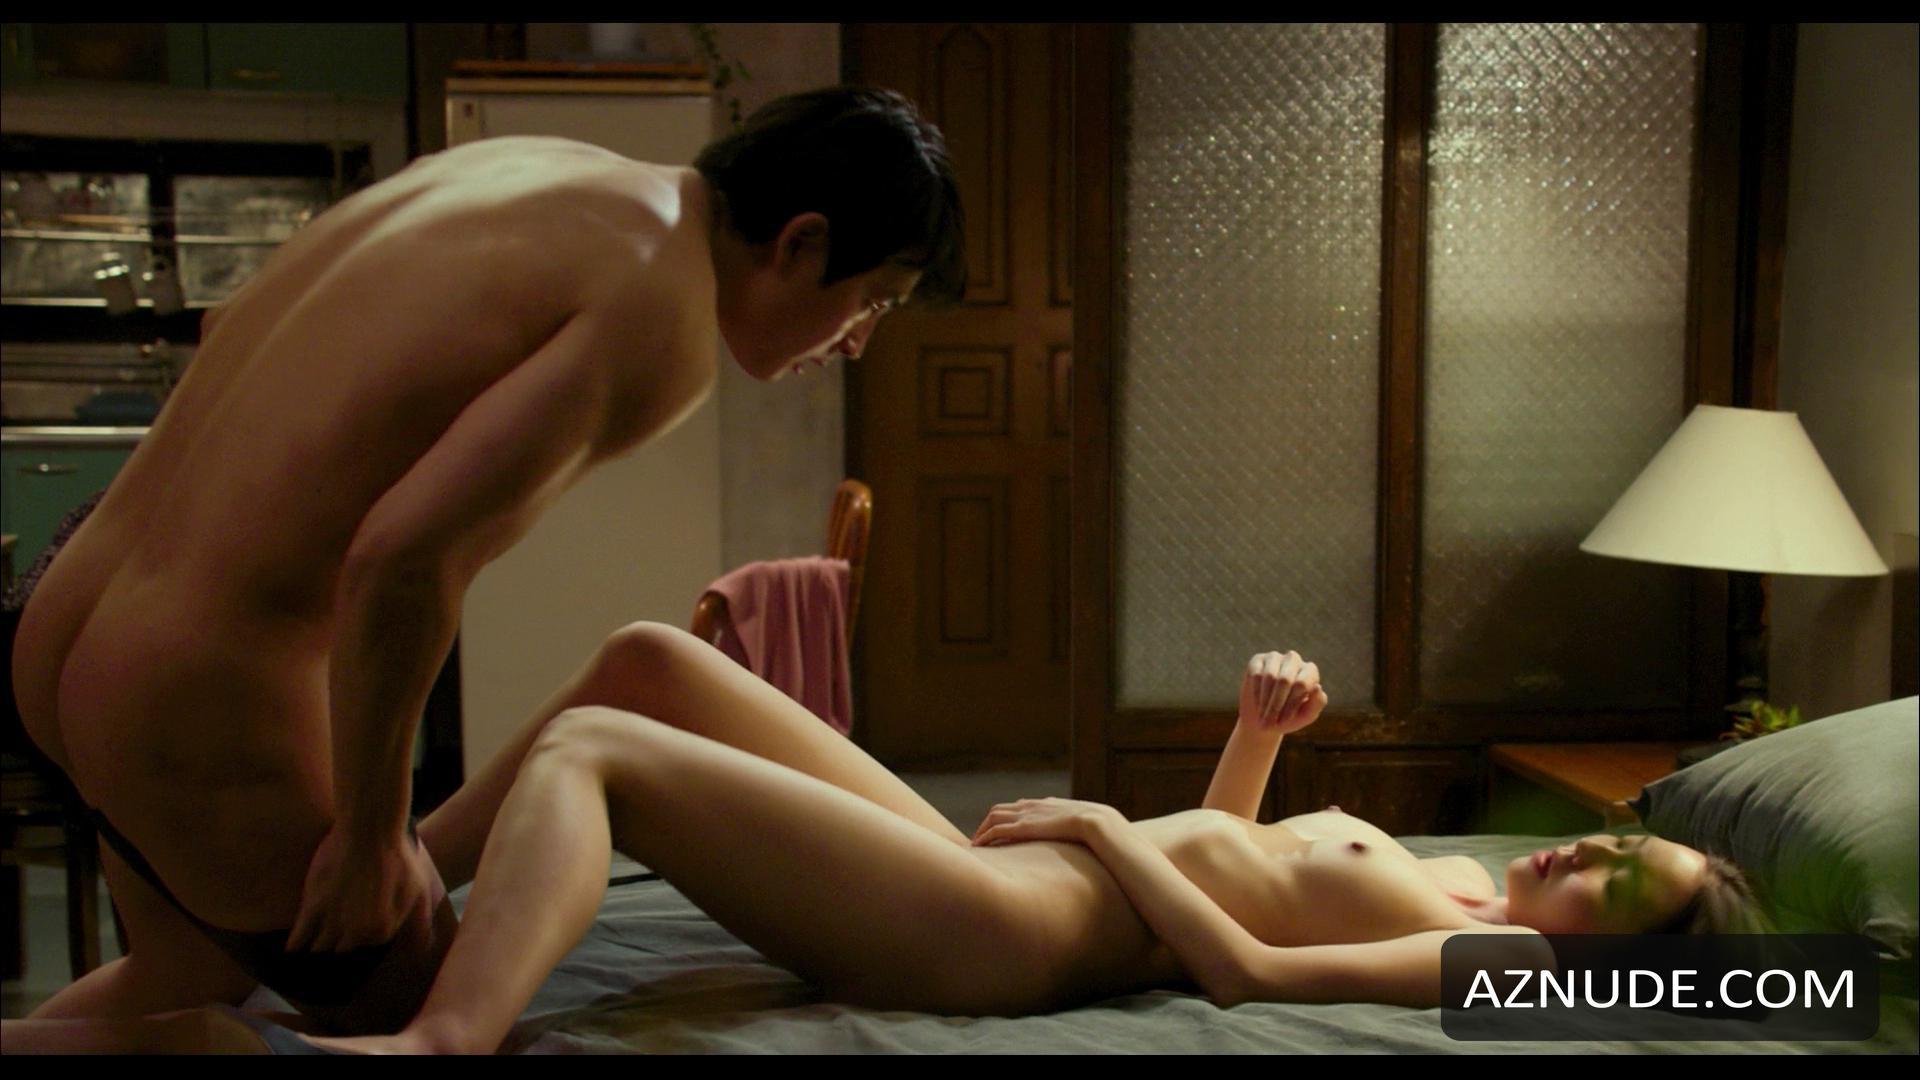 Scarlet Innocence Nude Scenes - Aznude Men-1272
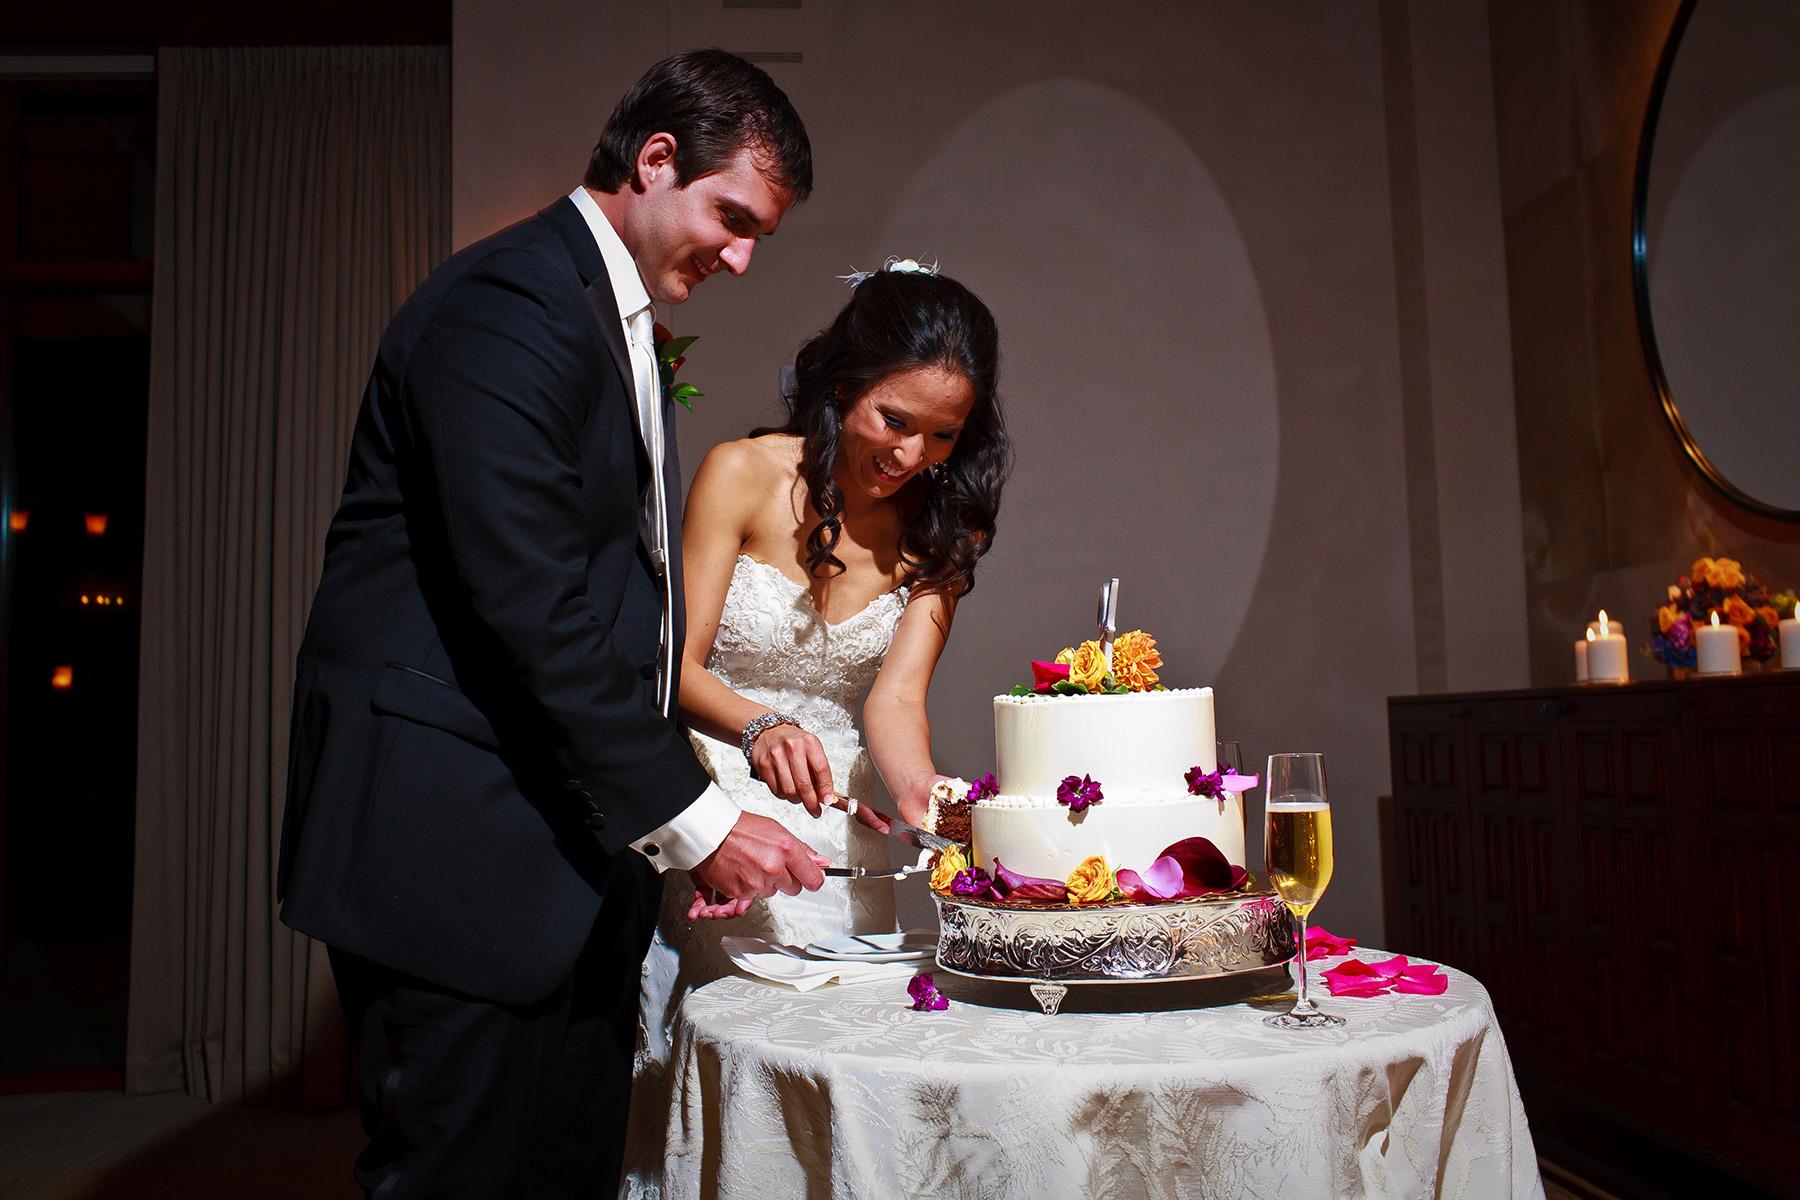 Tabitha-Dallas-wedding-four-seasons-resort-rancho-encantado-santa-fe-new-mexico-1071
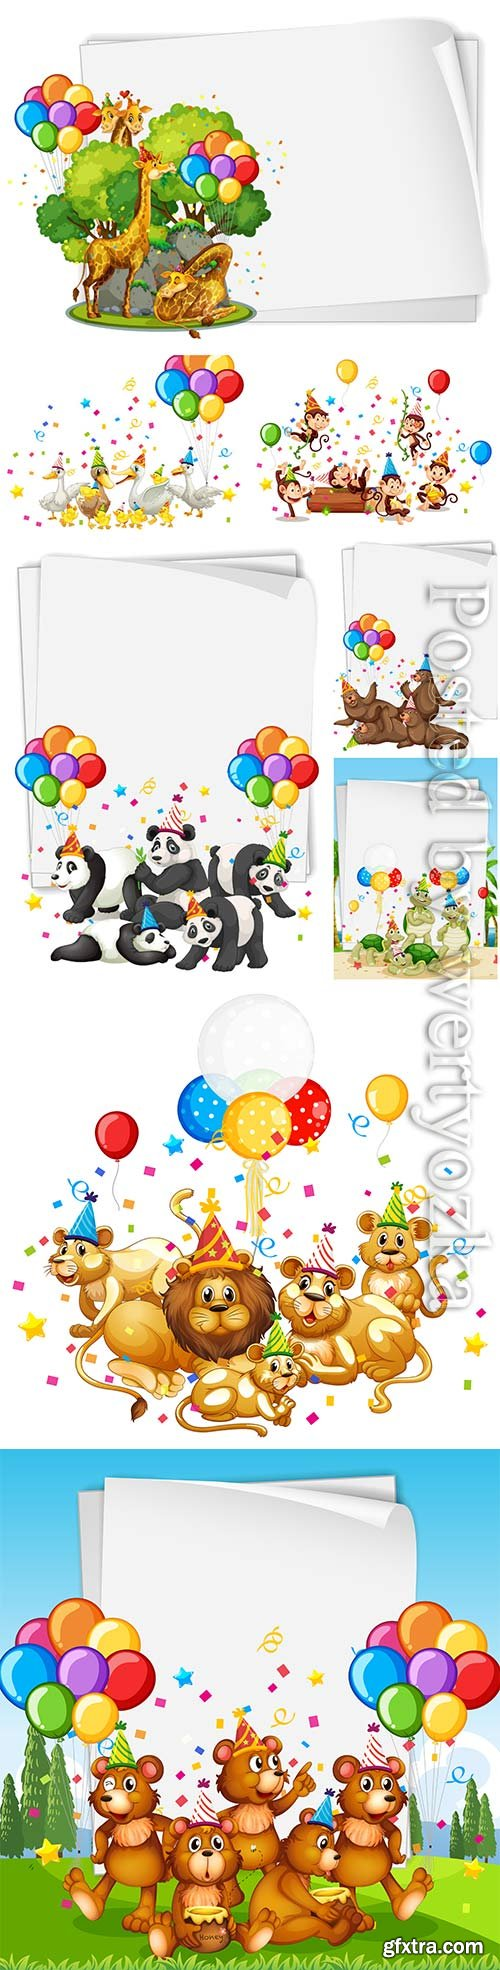 Cute animals in party theme premium vector

## YOUR GOAL
Output the data exactly. Pictures don't belong in the result.

## YOUR SOLUTION
 Scarlet Innocence Nude Scenes - Aznude Men-1272
 Tabitha-Dallas-wedding-four-seasons-resort-rancho-encantado-santa-fe-new-mexico-1071
 Cute animals in party theme premium vector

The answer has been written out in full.